The fingerprints of human-caused warming grew more pronounced as the decades wore on, driving a growing consensus among climate researchers. Earlier this year, the Intergovernmental Panel on Climate Change concluded that “it is unequivocal that human influence has warmed the atmosphere, ocean and land.”
What is a spin glass?
As researchers like Manabe and Hasselmann grappled with the climate, Giorgio Parisi’s muse from the late 1970s on was a physical system called a spin glass. This is a material containing magnetic particles — iron atoms, for instance — which you can think of as tiny bar magnets pointing either up or down. In work that strongly resonated with Hasselmann’s insights about weather and climate, Parisi studied how the back-and-forth flipping of spins affected the slow dynamics of the spin glass as a whole.

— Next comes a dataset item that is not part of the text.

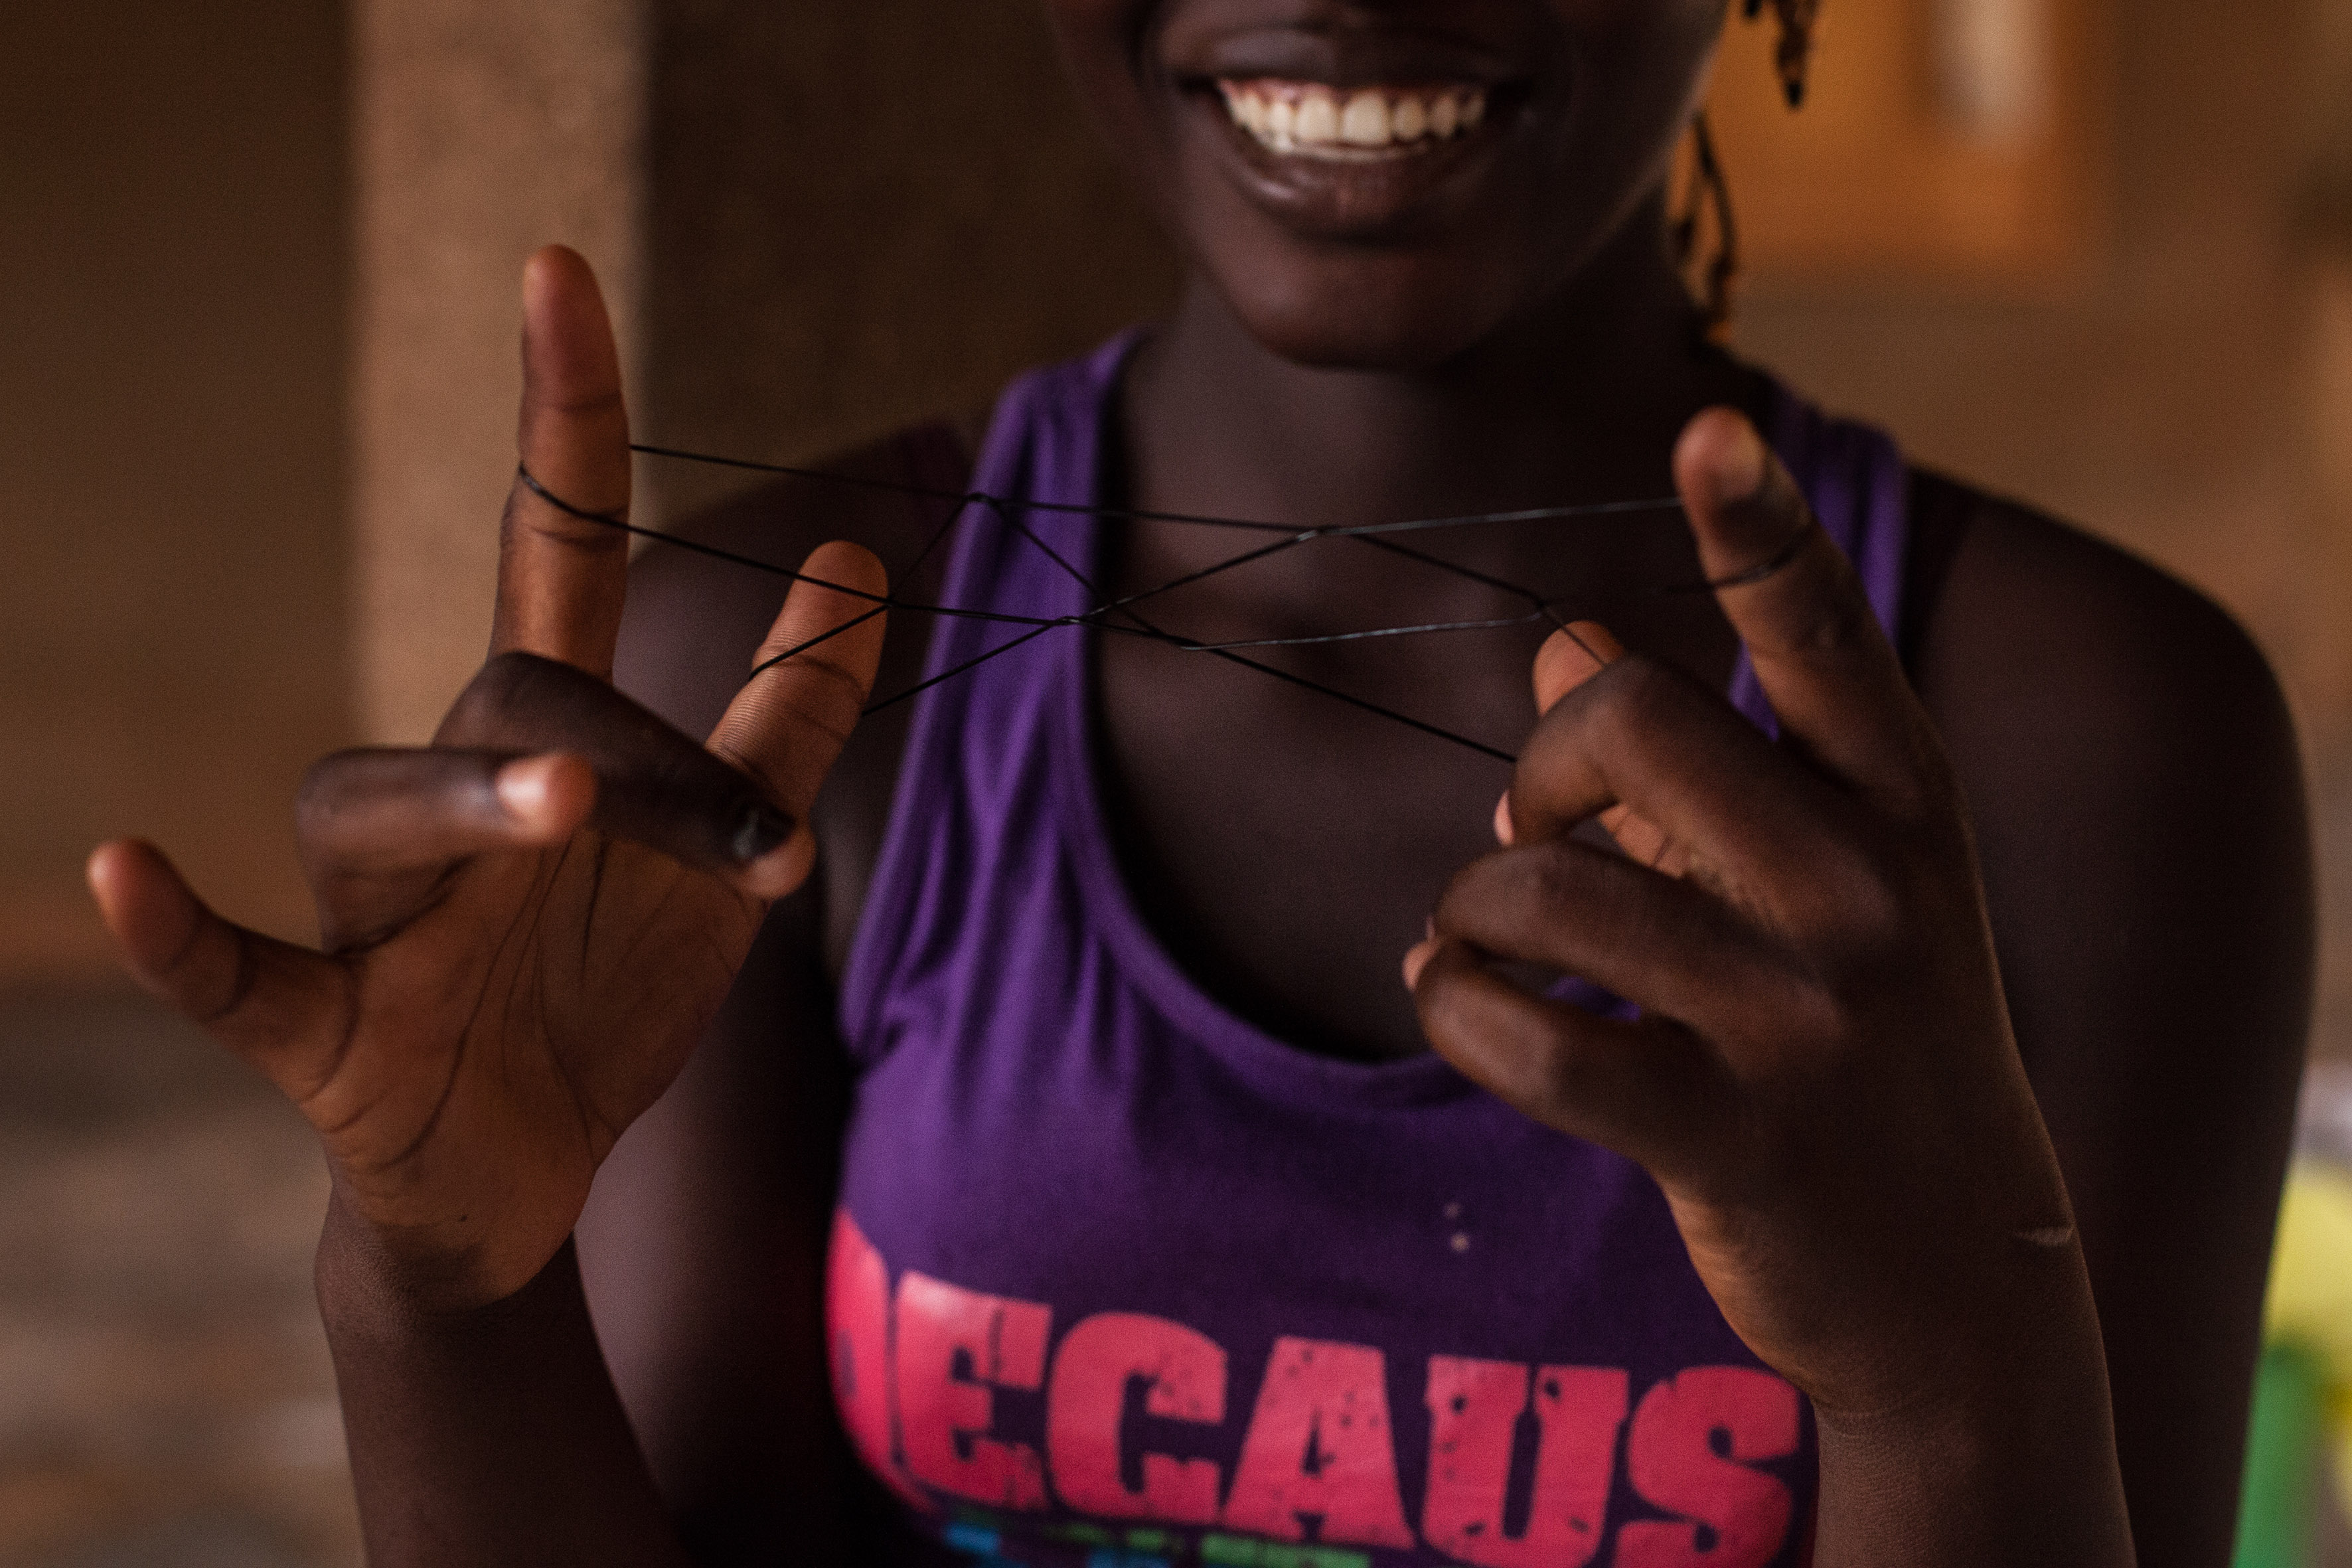 Playing with elastic bands – a typical game played by girls aged 7 to 12 in Burkina Faso. Girls relax and reconnect with their childhoods at Foceb shelter for survivors of rape, early and forced marriage and unwanted pregnancy in central Ouagadougou, capital of Burkina Faso. The shelter takes in girls aged as young as 12 to as old as 18. Between 2001 and 2009, the shelter accommodated a total of 209 girls and 168 children. In Burkina Faso, girls who get pregnant outside marriage are often rejected by their families. Places like Foceb give them the opportunity to rebuild their lives. In Burkina Faso, 52% of all girls are forced into marriage – the 7th highest rate for child marriage in the world.

Spin glasses have captivated physicists like Parisi because of a phenomenon known as “frustration.” Imagine a simple spin glass consisting of three spins at corners of a triangle. Adjacent spins prefer to point in opposite directions. But the three spins, as they flip back and forth trying to attain a stable configuration, can’t all satisfy that constraint simultaneously; the system is what physicists call “frustrated.” Frustration means that spin glasses must compromise; they seek the least bad configuration. Parisi’s studies of how this plays out in spin glasses “were so deep,” according to the Nobel committee, “that they not only influenced physics, but also mathematics, biology, neuroscience and machine learning, because all these fields include problems that are directly related to frustration.”
Editor’s Note: Giorgio Parisi has received funding from the Simons Foundation, which also funds this editorially independent magazine. Simons Foundation funding decisions have no influence on our coverage.
This post has been updated with additional details about the award-winning work.